Starting at the line below holding "<p>Необычный дом в" and stopping at the line holding "Jolie Mallette - いつでも、いつまでも 自分が着たい服を |ジョリー", print every line exactly, both ends included, and leave the rest out.

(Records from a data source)
[Start of Attachment]
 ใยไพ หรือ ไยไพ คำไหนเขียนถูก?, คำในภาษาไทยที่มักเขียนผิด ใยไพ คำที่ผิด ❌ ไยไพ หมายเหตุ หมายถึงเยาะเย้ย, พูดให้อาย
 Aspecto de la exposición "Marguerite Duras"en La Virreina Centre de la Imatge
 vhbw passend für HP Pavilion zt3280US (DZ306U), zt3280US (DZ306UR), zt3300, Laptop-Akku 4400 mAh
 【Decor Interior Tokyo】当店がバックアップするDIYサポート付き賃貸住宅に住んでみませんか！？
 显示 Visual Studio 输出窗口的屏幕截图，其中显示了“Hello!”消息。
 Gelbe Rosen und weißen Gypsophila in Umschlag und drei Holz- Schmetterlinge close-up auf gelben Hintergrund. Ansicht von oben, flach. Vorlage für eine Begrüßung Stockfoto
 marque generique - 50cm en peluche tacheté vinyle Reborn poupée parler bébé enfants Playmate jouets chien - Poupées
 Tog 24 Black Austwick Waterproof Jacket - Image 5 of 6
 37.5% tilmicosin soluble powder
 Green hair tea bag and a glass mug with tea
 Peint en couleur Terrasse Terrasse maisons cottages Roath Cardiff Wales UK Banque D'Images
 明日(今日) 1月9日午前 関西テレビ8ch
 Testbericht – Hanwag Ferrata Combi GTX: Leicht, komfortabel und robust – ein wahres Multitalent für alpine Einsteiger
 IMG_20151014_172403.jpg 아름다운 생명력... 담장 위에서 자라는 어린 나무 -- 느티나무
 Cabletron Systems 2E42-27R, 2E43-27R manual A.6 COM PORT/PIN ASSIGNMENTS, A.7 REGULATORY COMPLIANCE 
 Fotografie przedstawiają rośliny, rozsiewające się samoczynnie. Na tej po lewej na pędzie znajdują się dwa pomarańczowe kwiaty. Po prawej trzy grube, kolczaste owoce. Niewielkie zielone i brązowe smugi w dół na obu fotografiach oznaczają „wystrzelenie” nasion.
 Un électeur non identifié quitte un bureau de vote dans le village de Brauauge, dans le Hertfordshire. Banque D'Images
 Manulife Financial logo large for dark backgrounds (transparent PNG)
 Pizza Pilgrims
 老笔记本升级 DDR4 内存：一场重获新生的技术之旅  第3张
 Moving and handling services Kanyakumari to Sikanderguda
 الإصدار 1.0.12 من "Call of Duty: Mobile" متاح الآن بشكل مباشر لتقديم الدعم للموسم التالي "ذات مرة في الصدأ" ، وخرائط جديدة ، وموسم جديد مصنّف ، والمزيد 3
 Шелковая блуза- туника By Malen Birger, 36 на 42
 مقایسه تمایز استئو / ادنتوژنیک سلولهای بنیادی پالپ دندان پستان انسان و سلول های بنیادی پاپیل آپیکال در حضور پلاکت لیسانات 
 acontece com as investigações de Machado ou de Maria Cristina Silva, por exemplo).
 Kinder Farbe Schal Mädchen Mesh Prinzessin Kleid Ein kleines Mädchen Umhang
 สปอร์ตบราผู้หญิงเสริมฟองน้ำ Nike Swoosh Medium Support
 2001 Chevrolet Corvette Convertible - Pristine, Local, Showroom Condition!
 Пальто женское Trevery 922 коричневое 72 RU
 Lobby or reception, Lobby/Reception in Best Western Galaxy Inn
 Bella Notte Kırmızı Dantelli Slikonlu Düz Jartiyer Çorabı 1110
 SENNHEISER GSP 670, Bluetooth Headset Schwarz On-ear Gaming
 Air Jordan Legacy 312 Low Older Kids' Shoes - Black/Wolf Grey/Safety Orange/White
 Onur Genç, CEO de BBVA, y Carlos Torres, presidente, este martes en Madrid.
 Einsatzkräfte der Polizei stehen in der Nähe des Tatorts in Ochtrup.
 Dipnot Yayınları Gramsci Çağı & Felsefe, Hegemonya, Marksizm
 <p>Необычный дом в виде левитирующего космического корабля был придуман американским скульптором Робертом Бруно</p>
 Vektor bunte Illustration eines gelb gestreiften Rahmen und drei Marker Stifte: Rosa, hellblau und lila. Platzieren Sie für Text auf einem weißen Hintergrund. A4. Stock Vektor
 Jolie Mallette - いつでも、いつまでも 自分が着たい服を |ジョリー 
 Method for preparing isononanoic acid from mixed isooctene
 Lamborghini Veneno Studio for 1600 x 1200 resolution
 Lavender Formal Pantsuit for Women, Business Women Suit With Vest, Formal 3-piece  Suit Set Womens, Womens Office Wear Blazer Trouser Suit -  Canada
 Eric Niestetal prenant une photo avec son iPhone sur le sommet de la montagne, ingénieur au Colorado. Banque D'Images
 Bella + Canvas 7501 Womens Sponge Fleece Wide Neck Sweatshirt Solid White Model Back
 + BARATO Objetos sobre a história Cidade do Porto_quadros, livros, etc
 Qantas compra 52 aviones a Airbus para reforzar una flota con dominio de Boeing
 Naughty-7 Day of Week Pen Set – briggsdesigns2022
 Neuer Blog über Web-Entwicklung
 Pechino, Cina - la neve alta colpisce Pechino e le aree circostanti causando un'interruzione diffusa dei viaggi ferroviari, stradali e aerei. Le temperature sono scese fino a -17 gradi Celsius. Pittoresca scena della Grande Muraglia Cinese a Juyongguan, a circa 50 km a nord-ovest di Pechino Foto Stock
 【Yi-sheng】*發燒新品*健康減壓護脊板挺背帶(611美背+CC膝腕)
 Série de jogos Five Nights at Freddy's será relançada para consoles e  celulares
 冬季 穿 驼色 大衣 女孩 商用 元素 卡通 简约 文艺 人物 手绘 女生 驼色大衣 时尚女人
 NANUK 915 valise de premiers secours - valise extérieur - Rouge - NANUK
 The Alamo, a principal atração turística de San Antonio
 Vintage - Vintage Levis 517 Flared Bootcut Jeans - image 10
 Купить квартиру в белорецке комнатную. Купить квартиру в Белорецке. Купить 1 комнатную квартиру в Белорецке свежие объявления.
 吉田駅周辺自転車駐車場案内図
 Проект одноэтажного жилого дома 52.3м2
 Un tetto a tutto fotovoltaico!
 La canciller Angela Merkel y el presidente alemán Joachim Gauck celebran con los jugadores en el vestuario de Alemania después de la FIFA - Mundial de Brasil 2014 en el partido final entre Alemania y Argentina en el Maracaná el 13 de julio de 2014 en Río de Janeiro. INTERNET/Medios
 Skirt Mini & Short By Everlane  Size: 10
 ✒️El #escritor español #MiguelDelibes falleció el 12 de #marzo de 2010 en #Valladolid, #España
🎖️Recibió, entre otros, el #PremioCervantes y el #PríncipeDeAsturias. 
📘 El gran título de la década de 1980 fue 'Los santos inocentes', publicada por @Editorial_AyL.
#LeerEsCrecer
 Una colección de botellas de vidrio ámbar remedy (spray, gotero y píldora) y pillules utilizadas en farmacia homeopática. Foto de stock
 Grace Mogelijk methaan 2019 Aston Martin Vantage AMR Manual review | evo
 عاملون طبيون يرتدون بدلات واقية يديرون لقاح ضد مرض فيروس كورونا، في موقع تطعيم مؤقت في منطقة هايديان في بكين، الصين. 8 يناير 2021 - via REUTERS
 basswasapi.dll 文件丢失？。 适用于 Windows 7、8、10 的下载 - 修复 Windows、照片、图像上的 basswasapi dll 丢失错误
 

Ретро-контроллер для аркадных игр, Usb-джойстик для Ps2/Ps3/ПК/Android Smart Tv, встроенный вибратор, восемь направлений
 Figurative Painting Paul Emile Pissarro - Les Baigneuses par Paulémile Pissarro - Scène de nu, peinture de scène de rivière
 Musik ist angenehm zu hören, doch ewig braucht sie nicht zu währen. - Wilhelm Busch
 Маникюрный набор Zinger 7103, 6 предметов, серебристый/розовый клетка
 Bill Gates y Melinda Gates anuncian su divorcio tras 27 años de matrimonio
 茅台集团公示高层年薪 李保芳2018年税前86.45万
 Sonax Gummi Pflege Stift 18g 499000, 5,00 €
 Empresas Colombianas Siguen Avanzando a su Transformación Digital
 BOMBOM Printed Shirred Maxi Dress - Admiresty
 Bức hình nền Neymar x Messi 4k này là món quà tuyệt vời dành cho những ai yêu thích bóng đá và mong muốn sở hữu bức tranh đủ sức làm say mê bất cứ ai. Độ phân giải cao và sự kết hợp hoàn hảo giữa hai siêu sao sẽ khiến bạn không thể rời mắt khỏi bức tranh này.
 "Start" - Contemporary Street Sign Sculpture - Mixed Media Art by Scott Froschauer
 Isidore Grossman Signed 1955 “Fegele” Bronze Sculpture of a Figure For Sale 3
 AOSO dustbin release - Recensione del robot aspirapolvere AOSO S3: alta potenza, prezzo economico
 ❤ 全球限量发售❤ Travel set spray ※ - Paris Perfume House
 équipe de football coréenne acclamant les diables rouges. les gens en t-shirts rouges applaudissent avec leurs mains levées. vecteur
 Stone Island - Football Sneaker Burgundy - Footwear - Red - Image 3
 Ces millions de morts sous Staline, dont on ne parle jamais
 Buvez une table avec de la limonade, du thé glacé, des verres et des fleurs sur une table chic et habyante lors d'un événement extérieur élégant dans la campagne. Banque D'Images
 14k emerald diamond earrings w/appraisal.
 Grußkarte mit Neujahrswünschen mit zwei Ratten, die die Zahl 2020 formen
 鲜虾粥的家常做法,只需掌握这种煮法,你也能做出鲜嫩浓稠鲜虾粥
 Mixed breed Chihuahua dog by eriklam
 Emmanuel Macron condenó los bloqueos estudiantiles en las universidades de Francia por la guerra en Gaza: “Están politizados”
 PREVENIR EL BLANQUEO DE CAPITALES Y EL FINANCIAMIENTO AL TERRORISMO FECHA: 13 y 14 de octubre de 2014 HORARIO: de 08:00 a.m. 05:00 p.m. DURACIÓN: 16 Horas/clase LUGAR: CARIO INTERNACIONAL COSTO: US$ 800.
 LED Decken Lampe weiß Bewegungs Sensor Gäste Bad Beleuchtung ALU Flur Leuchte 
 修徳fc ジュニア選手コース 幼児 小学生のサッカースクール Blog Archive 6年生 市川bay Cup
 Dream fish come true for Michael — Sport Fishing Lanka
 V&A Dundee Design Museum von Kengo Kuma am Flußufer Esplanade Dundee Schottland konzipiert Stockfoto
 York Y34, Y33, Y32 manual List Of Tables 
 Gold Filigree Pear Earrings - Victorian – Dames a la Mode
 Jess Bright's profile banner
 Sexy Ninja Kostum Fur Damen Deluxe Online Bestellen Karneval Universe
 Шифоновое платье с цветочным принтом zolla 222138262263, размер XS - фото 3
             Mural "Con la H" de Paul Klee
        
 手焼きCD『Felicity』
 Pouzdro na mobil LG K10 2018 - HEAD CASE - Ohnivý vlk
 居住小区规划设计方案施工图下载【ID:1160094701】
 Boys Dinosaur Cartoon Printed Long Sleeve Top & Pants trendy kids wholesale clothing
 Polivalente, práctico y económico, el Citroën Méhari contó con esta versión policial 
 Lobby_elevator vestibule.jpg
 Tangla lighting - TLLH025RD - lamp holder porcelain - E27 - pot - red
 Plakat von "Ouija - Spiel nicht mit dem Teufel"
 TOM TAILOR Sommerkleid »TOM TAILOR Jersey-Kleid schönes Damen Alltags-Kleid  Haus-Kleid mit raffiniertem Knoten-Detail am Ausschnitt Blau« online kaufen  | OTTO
[End of Attachment]
● SOLUTION FOR THIS PROBLEM
 <p>Необычный дом в виде левитирующего космического корабля был придуман американским скульптором Робертом Бруно</p>
 Vektor bunte Illustration eines gelb gestreiften Rahmen und drei Marker Stifte: Rosa, hellblau und lila. Platzieren Sie für Text auf einem weißen Hintergrund. A4. Stock Vektor
 Jolie Mallette - いつでも、いつまでも 自分が着たい服を |ジョリー 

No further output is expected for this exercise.